Stress response genes are suppressed in mouse preimplantation embryos by granulocyte-macrophage colony-stimulating factor (GM-CSF)

Abstract

Granulocyte-macrophage colony-stimulating factor (GM-CSF) is known to promote the development and survival of human and mouse preimplantation embryos; however, the mechanism of action of GM-CSF in embryos is not defined. Mouse blastocysts were cultured from zygote stage in vitro with and without recombinant mouse GM-CSF (rmGM-CSF), and in vivo developed blastocysts were flushed from Csf2 null mutant and wild-type mice. The effect of GM-CSF on blastocyst expression of stress response and apoptosis genes was evaluated by microarray, qPCR and immunochemistry. Microarray analysis of the gene transcription profile showed suppression of stress response and apoptosis gene pathways in blastocysts exposed to rmGM-CSF in vitro. qPCR analysis confirmed that rmGM-CSF inhibited expression of heat shock protein (HSP) and apoptosis pathway genes Cbl, Hspa5, Hsp90aa1, Hsp90ab1 and Gas5 in in vitro blastocysts.
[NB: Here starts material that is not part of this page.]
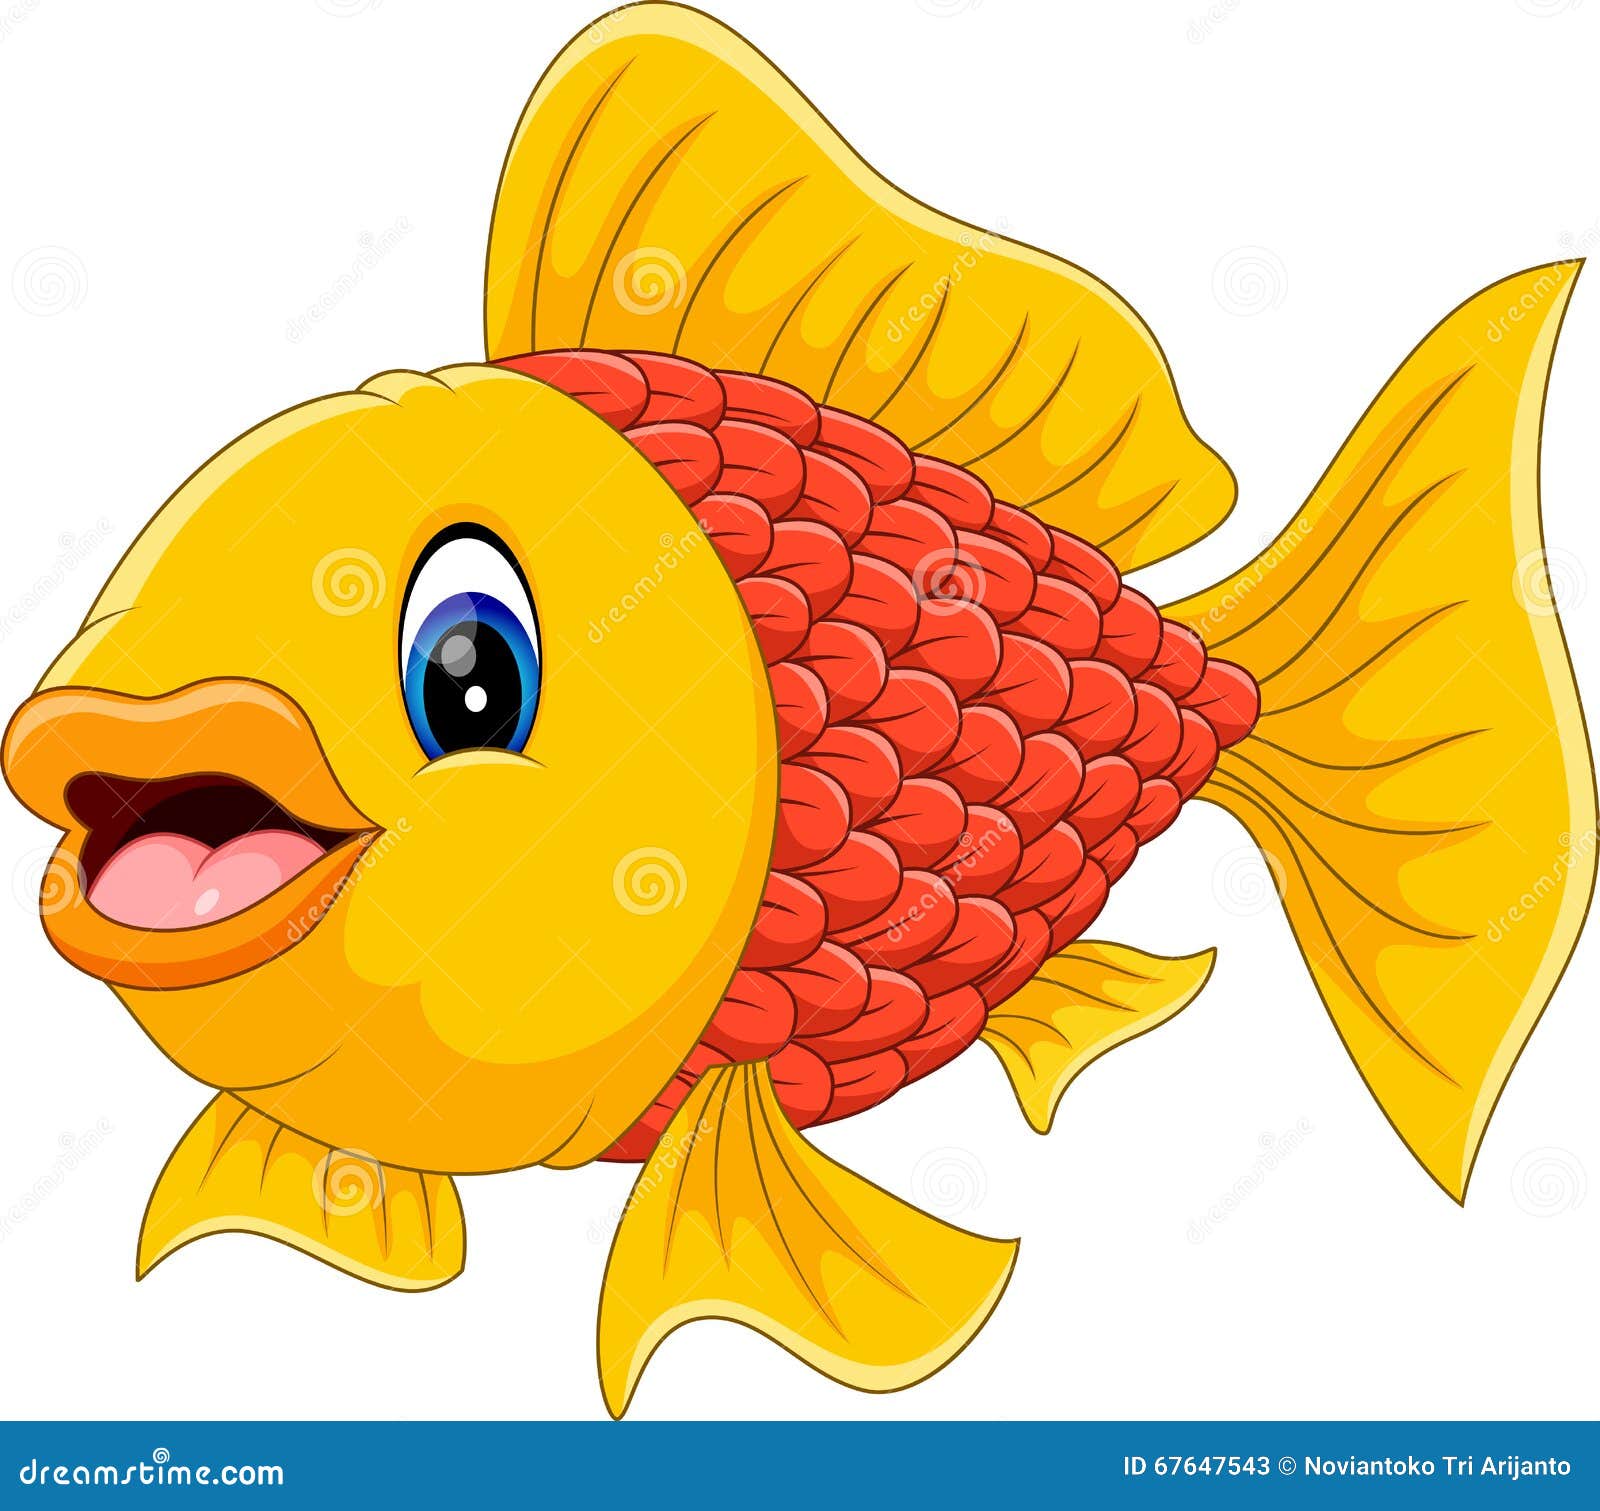 Cute fish cartoon stock vector. Illustration of animal - 67647543
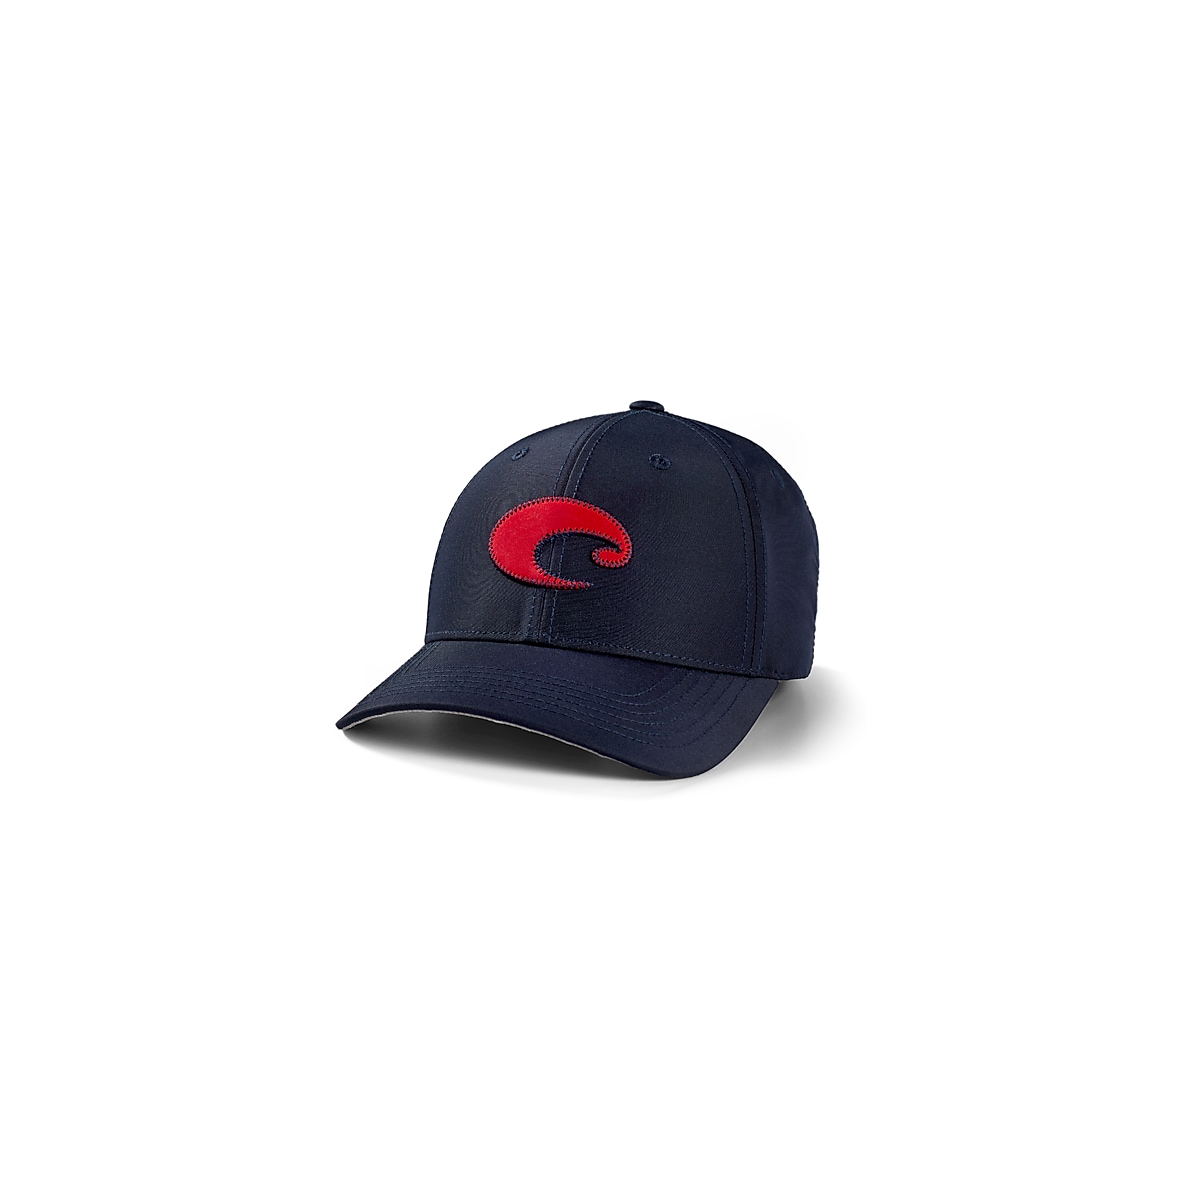 Costa Neo Performance Hat Light Blue Baseball Brim Fishing Sporting  Adjustable

Immunocytochemical analysis of HSP 1 (HSPA1A/1B; HSP70), BAX, BCL2 and TRP53 (p53) in in vitro blastocysts showed that HSPA1A/1B and BCL2 proteins were less abundant when embryos were cultured with rmGM-CSF. BAX and TRP53 were unchanged at the protein level, but Bax mRNA expression was reduced after GM-CSF treatment. In in vivo developed blastocysts, Csf2 null mutation caused elevated expression of Hsph1 but not other stress response genes. We conclude that GM-CSF inhibits the cellular stress response and apoptosis pathways to facilitate embryo growth and survival, and the protective effects of GM-CSF are particularly evident in in vitro culture media, whereas in vivo other cytokines can partly compensate for absence of GM-CSF.